Airports are the lifeblood of aviation. They can also be a community's critical link to the "outside world," even as they embody a little bit of history all their own. So we should all be concerned when an airport — especially a historical one — becomes endangered. AVweb's Brenda Carol recently spent some time visiting California's endangered Carmel Valley Vintage Airpark, which has the distinction of being the first planned airport community in the U.S., and talking to the pilots who use it. Here's her story.
December 6, 2000
|About the Author ...
As a low-time, recently-licensed private pilot, Brenda Carol
has racked up a considerable log of semi-entertaining aviation-related stories
that she will share readily with friends, acquaintances or even perfect
strangers who happen to ask, or not ask.
She's been eye-to-eye with a California
Condor in a Cessna 150 over the Coastal Range, scared senseless more than once
by a snippy controller and subjected to an assortment of training theories from
CFI-rated crop dusters to NASA test pilots. She's no stranger to misunderstood,
intensely regulated fields, having worked as an agricultural writer,
photographer and public relations specialist for the past 16 years.
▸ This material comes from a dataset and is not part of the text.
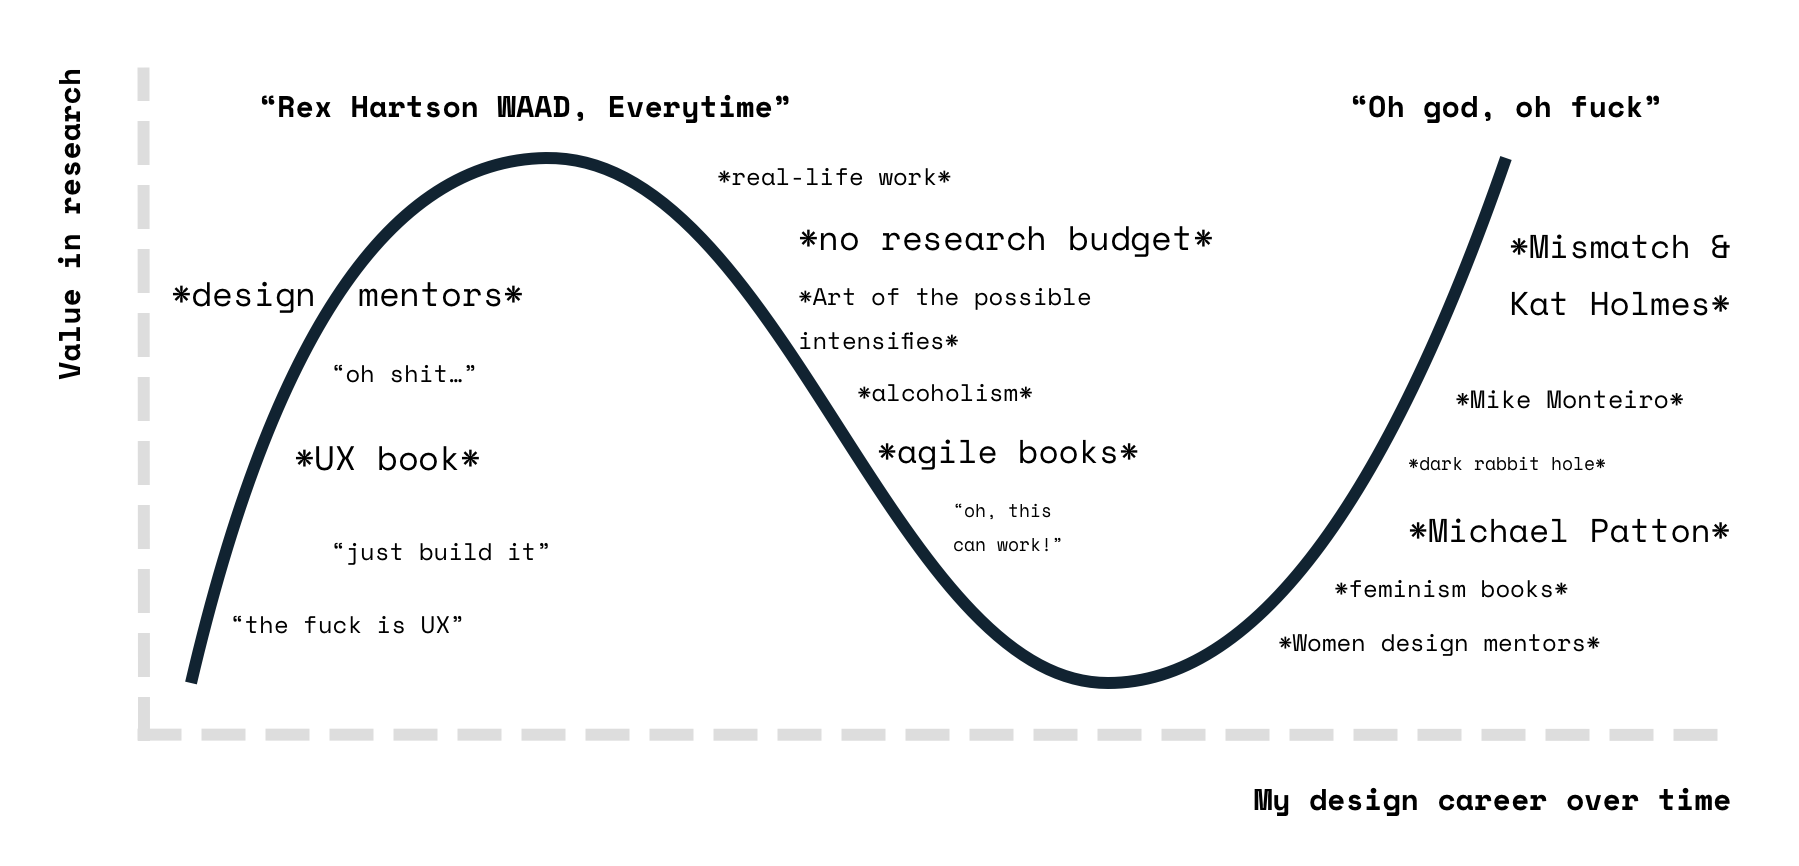 Graph depicting my relationship with research. Originally I started not caring for it at all, but eventually that grew strongly after design mentorship and the UX book. Due to real world work though, that crumbled and I began to study more into agile/ux and so called best practices. This made me feel more confident in my own skills and led me to take shortcuts. However, after reading more feminist books in 2019, my value in research once again skyrocketed.

took a ride on the outside of a crop duster's helicopter, straddling the gas
tank, hanging on with one hand and operating a camera in the other just to get
a good picture. That was before she knew anything about seatbelt regulations.
When she's not flying or writing, she likes to kayak in relatively peaceful
bays, particularly those close to Carmel.
It barely even looks like an airport. There's no fuel
pump. No FBO. And there's certainly no control tower. The asphalt is
crumbling, and there's an inadvertent pothole here, there and yon. Pilots who
land on the runway had better brush up on their short/soft-field landing
skills or risk dinging their prop with loose gravel. But it is nonetheless an
airport and, like any airport, it owns the hearts of a few, die-hard pilots
who want to keep it that way. In another sad story that's becoming far too
common these days, there's a small, very vocal faction on California's
Monterey Peninsula that wants to shut down Carmel Valley Vintage Airpark
(O62). Predictably, they're using all the politically-correct buzzwords to do
their dirty-work: noise, school children, environmental pollution, safety,
etc. It's what they're not saying, however, that's really at the heart of the
issue. Carmel Valley is a small sliver of heaven that connects
Carmel-by-the-Sea to the outside world. Like any slice of heaven, everyone
wants to own a piece of it, and real estate values have skyrocketed in the
area over the past several years. Carmel Valley Vintage Airpark sits on some
29 acres of open land with heart-stopping views of the California coastal
mountain range a real estate developer's dream.
A Little Slice Of History
It's certainly not a new idea. In fact, the founder of the airport had a
similar vision. The only difference was that it included airplanes in harmony
with development. The story began in 1941 when Byington Ford settled on the
Monterey peninsula. Convinced that airplanes would soon be an attainable
pleasure for everyday citizens, he decided to embark on a visionary idea and
bought a corner of the Mexican Rancho Las Laureles with the idea of turning it
into an airpark where owners could live in close proximity to their airplanes.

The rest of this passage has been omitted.